### RAW DATA
BEGIN

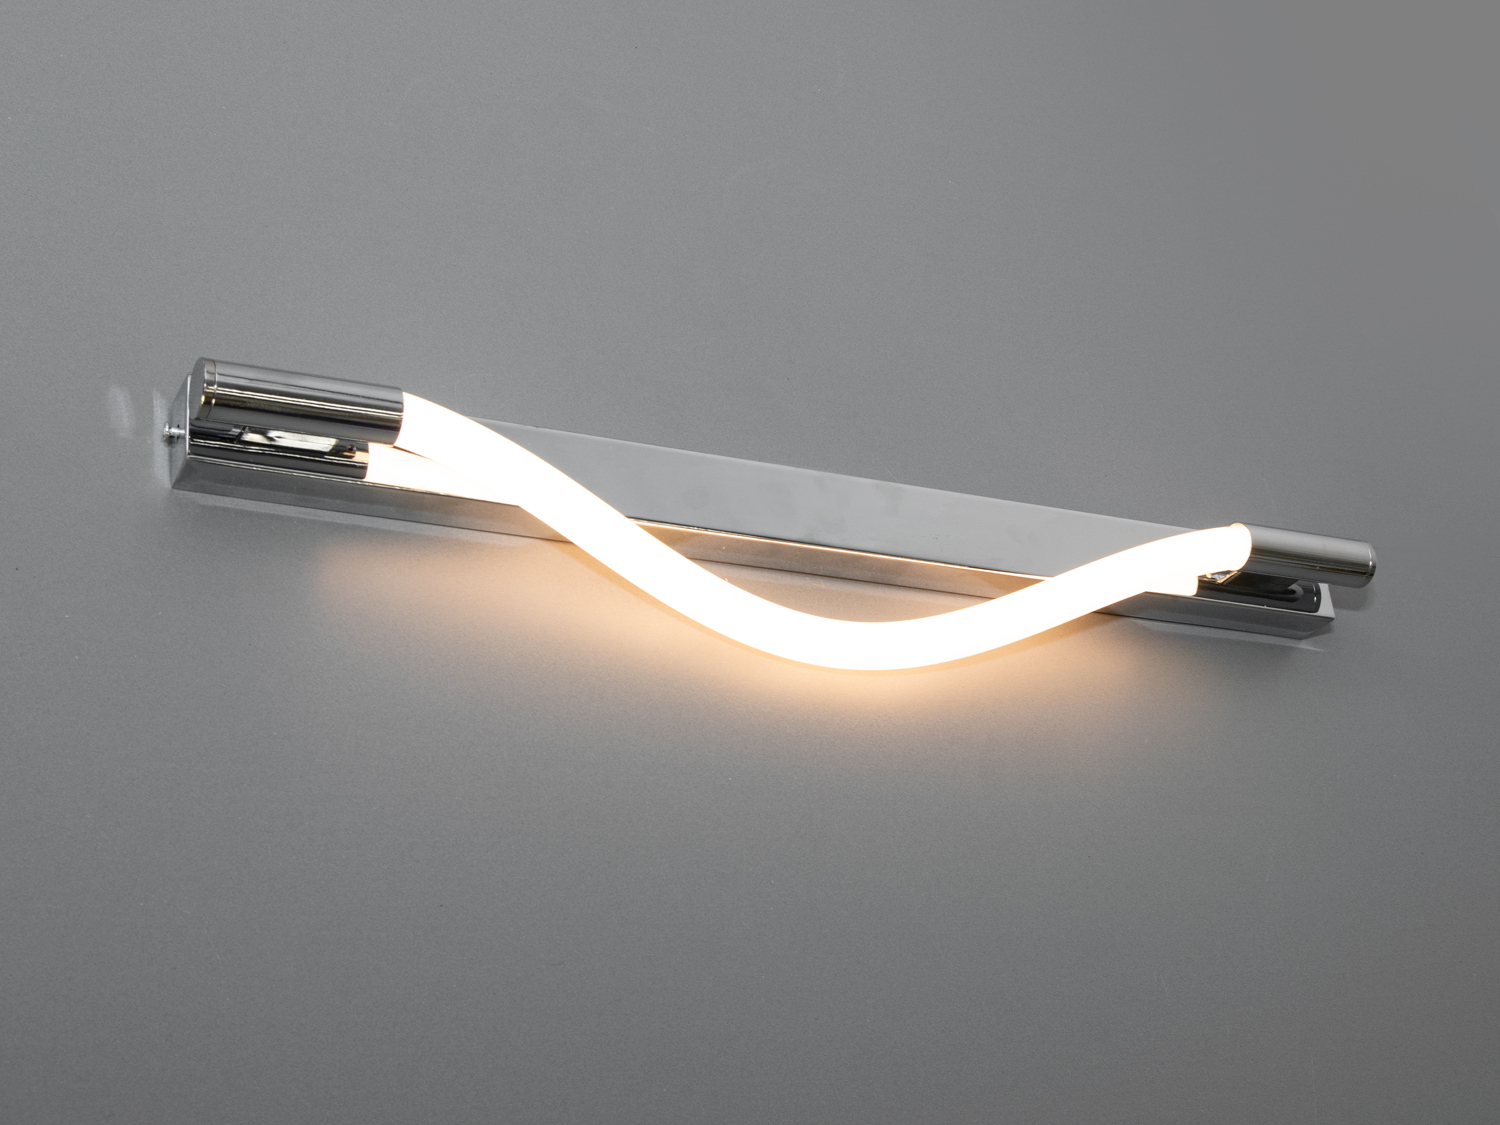 Цей світлодіодний світильник-шланг на 5 ват — це не просто джерело світла, а символ сучасного дизайну та інноваційності.
Торгова марка 
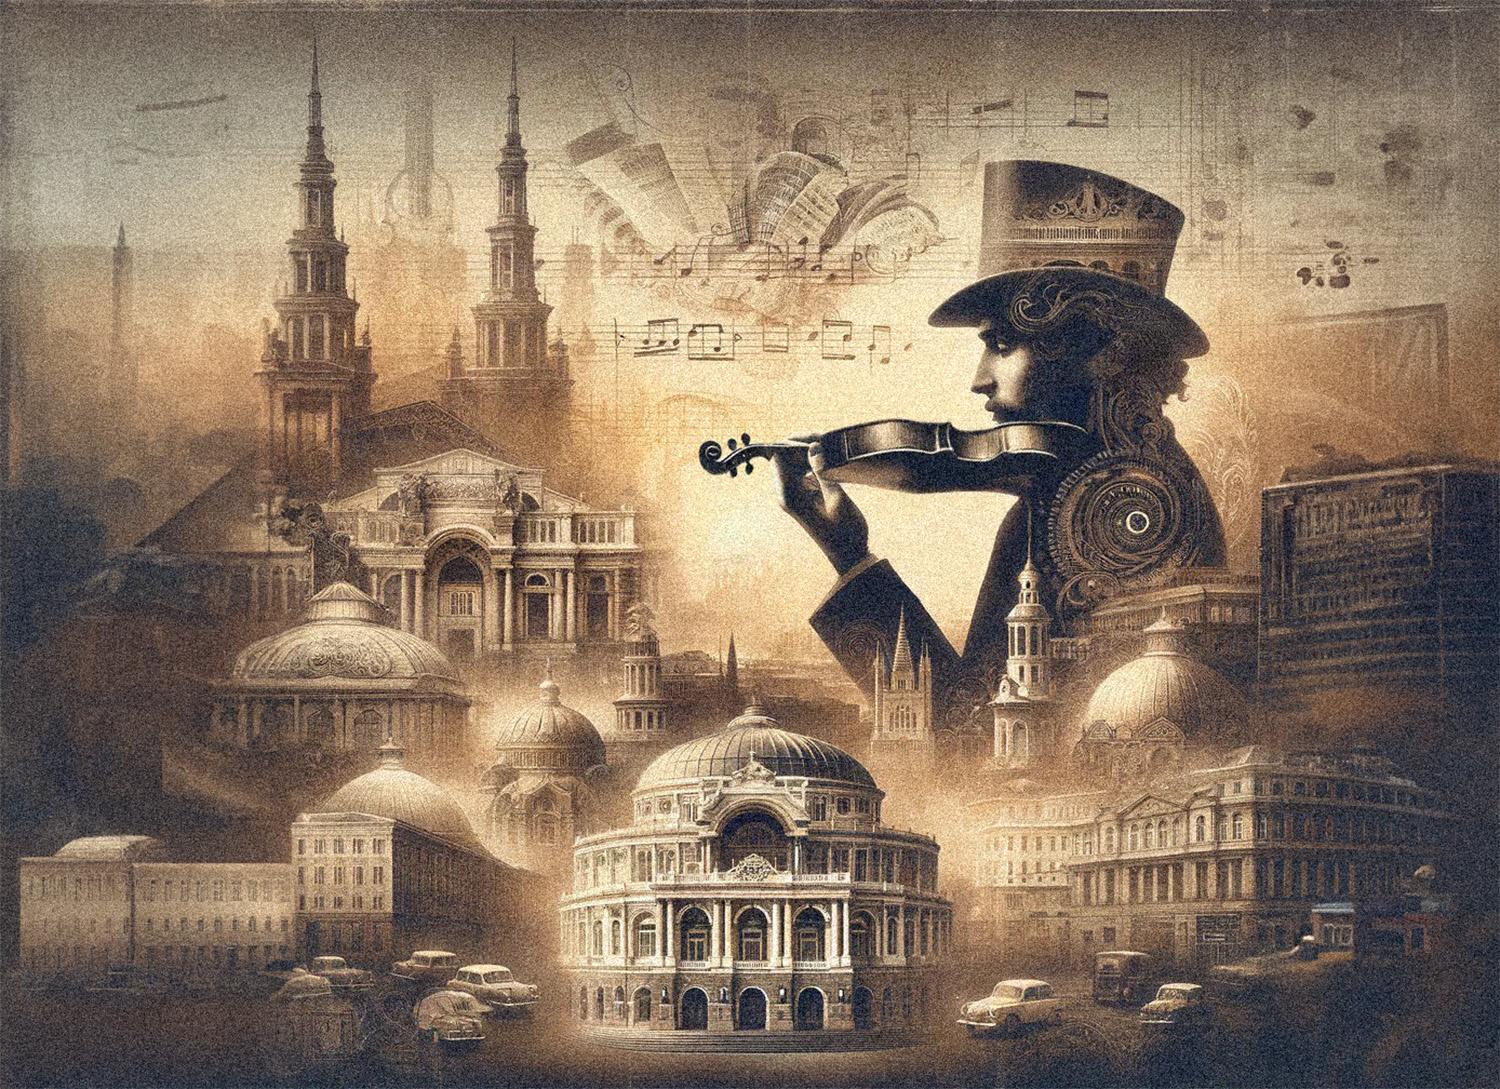 ОДЕССИТ СРЕДИ СКРИПАЧЕЙ: Майкл Гуттман об одесских корнях мировой скрипичной школы

END

### TASK INSTRUCTIONS
Return all of the data exactly as written, and drop the pictures.

### ANSWER TO THIS PROBLEM
 Цей світлодіодний світильник-шланг на 5 ват — це не просто джерело світла, а символ сучасного дизайну та інноваційності.
Торгова марка 
 ОДЕССИТ СРЕДИ СКРИПАЧЕЙ: Майкл Гуттман об одесских корнях мировой скрипичной школы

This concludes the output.